I get cold sores. When I was younger they were more frequent, maybe five a year. Now I get two, maybe three. It riles me there is no cure. I feel ugly with a cold sore. I can’t kiss Kristine and when the scab forms, it seems bolted on for about a week.
If it comes off before it is ready, my lip bleeds. Everybody notices. I hate them.
Cold sores are caused by an opportunistic virus. They generally appear when people are stressed or their body is fatigued. Earlier this year, I got one after the Gold Coast half marathon and another one after the Brisbane half marathon.
The only explanation for my current cold sore is stress. It was no surprise that it developed overnight after talking to Rochelle about the job advertisement she pulled.
I should’ve expected it. It was too late to eat pills and apply cream but I did it anyway.
Feeling ugly and depressed, I cuddled Angus in bed while Kristine made coffee. He was noisy and happy, little arms and feet moving about. I was making him laugh
Bang… Angus found me with a left hook, right on the cold sore. I moved away, grabbing his little hand when his left foot kicked me in the mouth, right on the cold sore.
Getting out of bed, I took him to his room, putting him on the change mat and holding his left foot and hand while reaching for the steriliser. When Kristine found us in his room, she frowned.
‘What are you doing,’ she said.
‘Sterilising,’ I said.
‘What, why?’
‘He punched and kicked me on the cold sore,’ I said. ‘He’s going to eat his hand and foot in two seconds so they’ve got to be clean.’ I tickled his belly. ‘I don’t want you to get a cold sore.’
Angus giggled as I rubbed steriliser on his tiny fingers and toes. When I was done he found his left foot and sucked his big toe.
I sighed. ‘Hope he doesn’t get drunk,’ I said.
Angus had never kicked or punched me in the mouth before. I handed him to Kristine, thinking about a conversation at Yamba, when Andy asked if she’d go back to work.
‘I would but I’m not sure Matt wants that.’

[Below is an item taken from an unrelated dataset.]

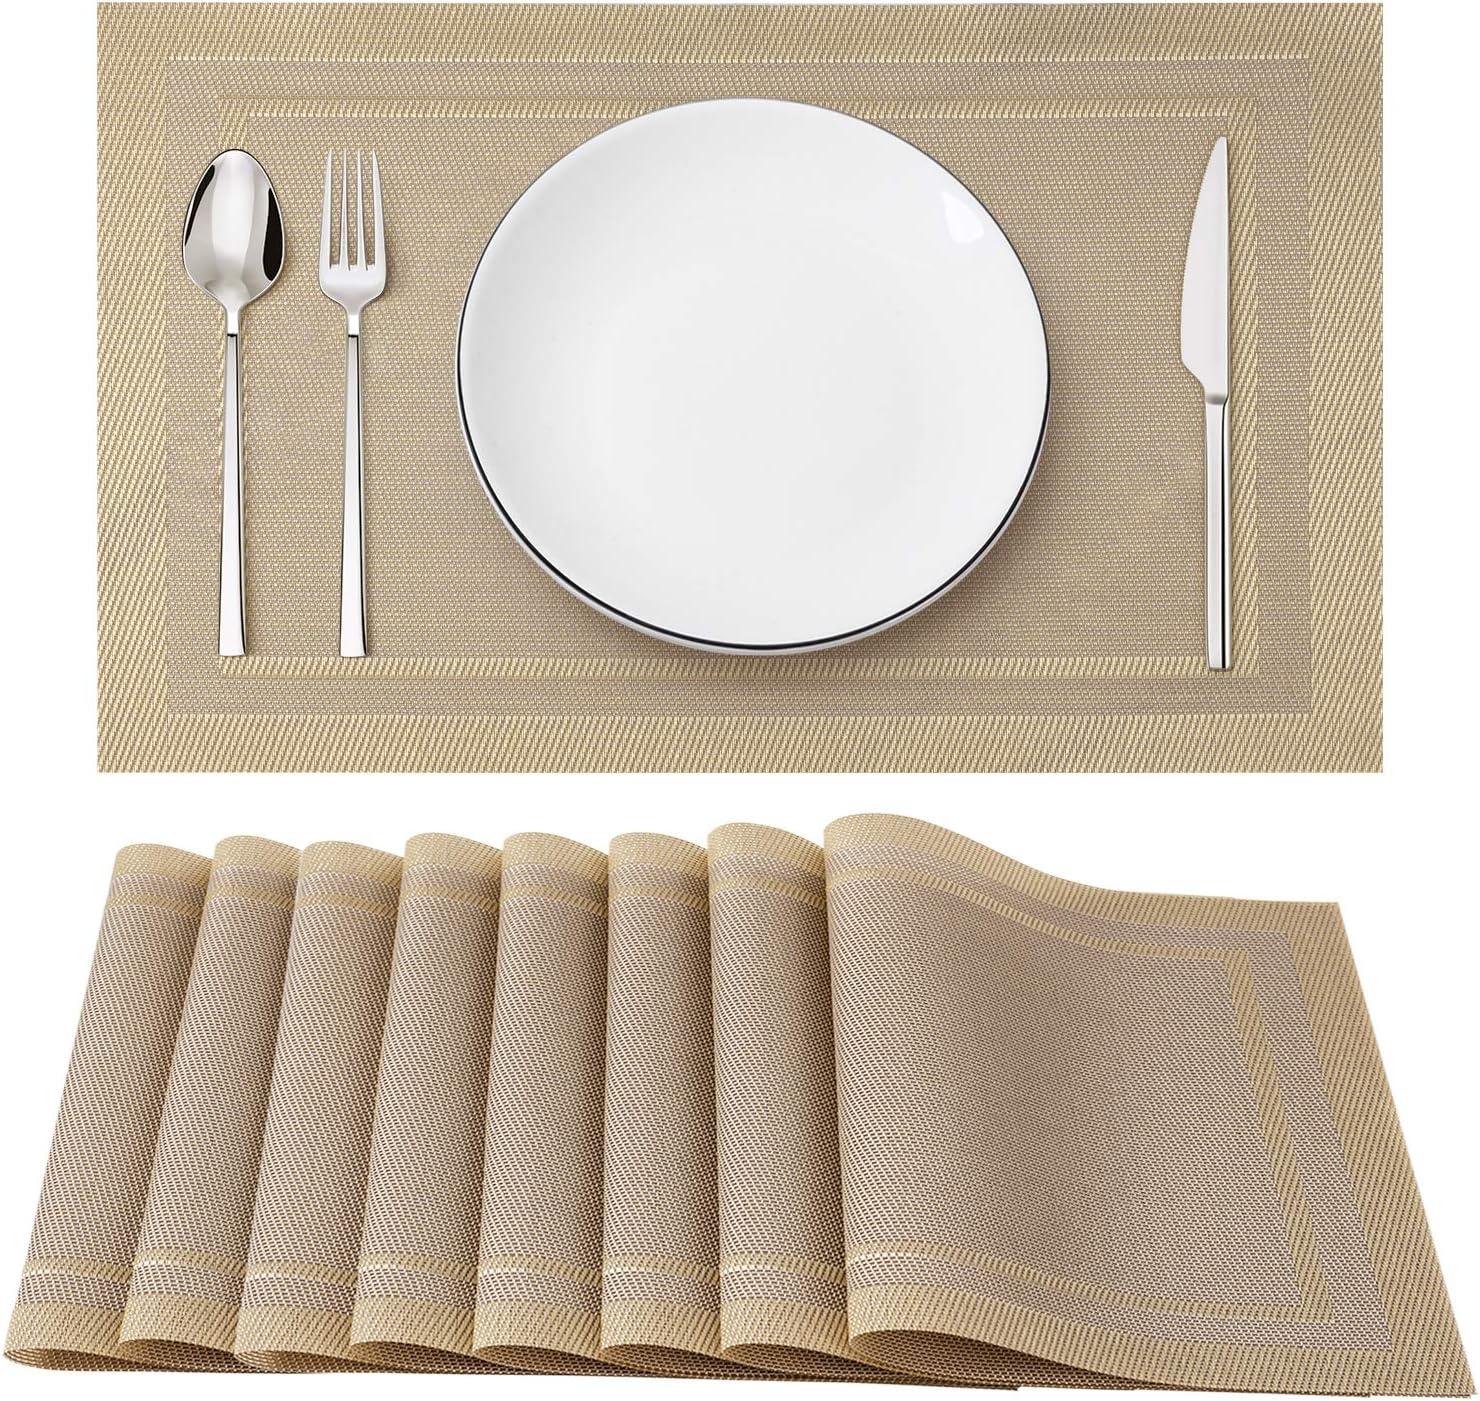 Washable Durable PVC Table Mats Woven Vinyl Placemats Beige White, 8Pcs Set of 8 Heat-Resistant Placemats Stain Resistant Anti-Skid Placemats for Kitchen Table SD SENDAY Placemats

Vicki laughed. ‘You could be stay at home daddy,’ she said. Andy and Vicki have two boys, Matthew and Ben, aged eight and six. Vicki is a great mum.

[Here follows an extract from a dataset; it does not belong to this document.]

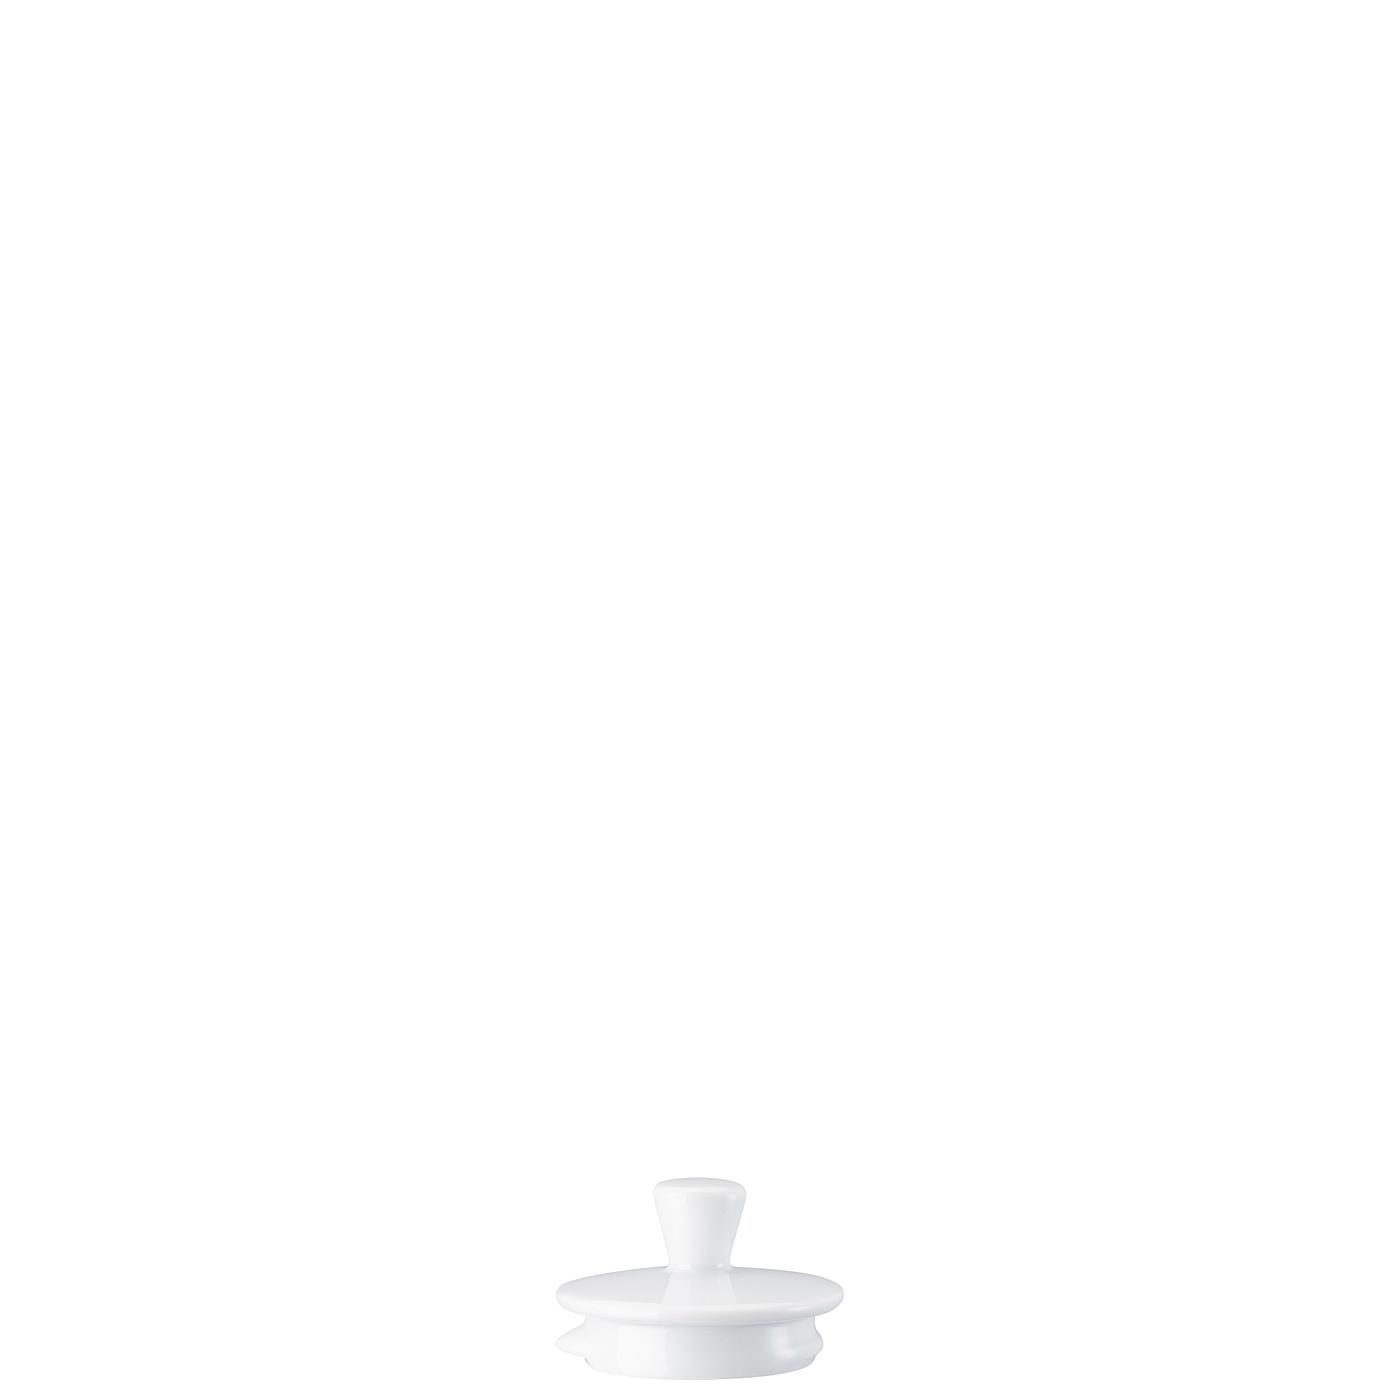 Kaffeekanne 6 P. Deckel Form 1382 Weiss Arzberg

‘If I don’t have a job by January she can go back to work,’ I said. My tone ended the conversation and it had been left in Yamba.
Back in Banyo, Angus was pulling Kristine’s hair. She broke the grip. Dozens of black strands hung from his little hands.
‘I wish he would stop doing that,’ she said.
Later that afternoon I was with Angus on the bed. I could’ve slept, a rare afternoon snooze but entertaining him was better. His laugh is contagious, just like any baby. I am like a baby. When he laughs, I laugh.
Kristine sat on the bed. We had another conversation about her possible return to work.
‘I’m not sure you can do it,’ she said.
I offered bluff. ‘We’ll be fine.’ Angus rolled over, laughing.
She picked him up. I got up, having lain down for about five minutes. I went back to the vegetable patch, looking, digging and pulling out nutgrass. I hate nutgrass.
At lunchtime I came inside for a bread roll. Kristine was holding Angus, looking at the couch.
‘I lost an earring,’ she said. I lifted cushions. We looked for about five seconds before giving up. I spent some time with Angus on the play mat, demonstrating the hand pass with the tiny North Melbourne football before handing it to him.
He chewed it.
Hours later, after Angus had been fed, bathed and put to bed, Kristine found her earring on the high chair as she was wiping the seat.
She held it up. ‘Lucky he didn’t swallow it.’
It must’ve gotten caught on his clothing. If he’d found it, it would’ve ended up in his mouth. He probably would’ve swallowed it.
As Kristine said, it was lucky he didn’t. That little spike could’ve lodged anywhere. It made me realise, once again, how vulnerable babies are and the effort required to look after them.
Despite all the advice, all the warnings and compelling testimony from other parents, I had grossly misunderstood the level of care and attention babies need.
If I was working, I never would’ve understood how it feels to be a fulltime parent. I was hooked on unemployment, because of my boy.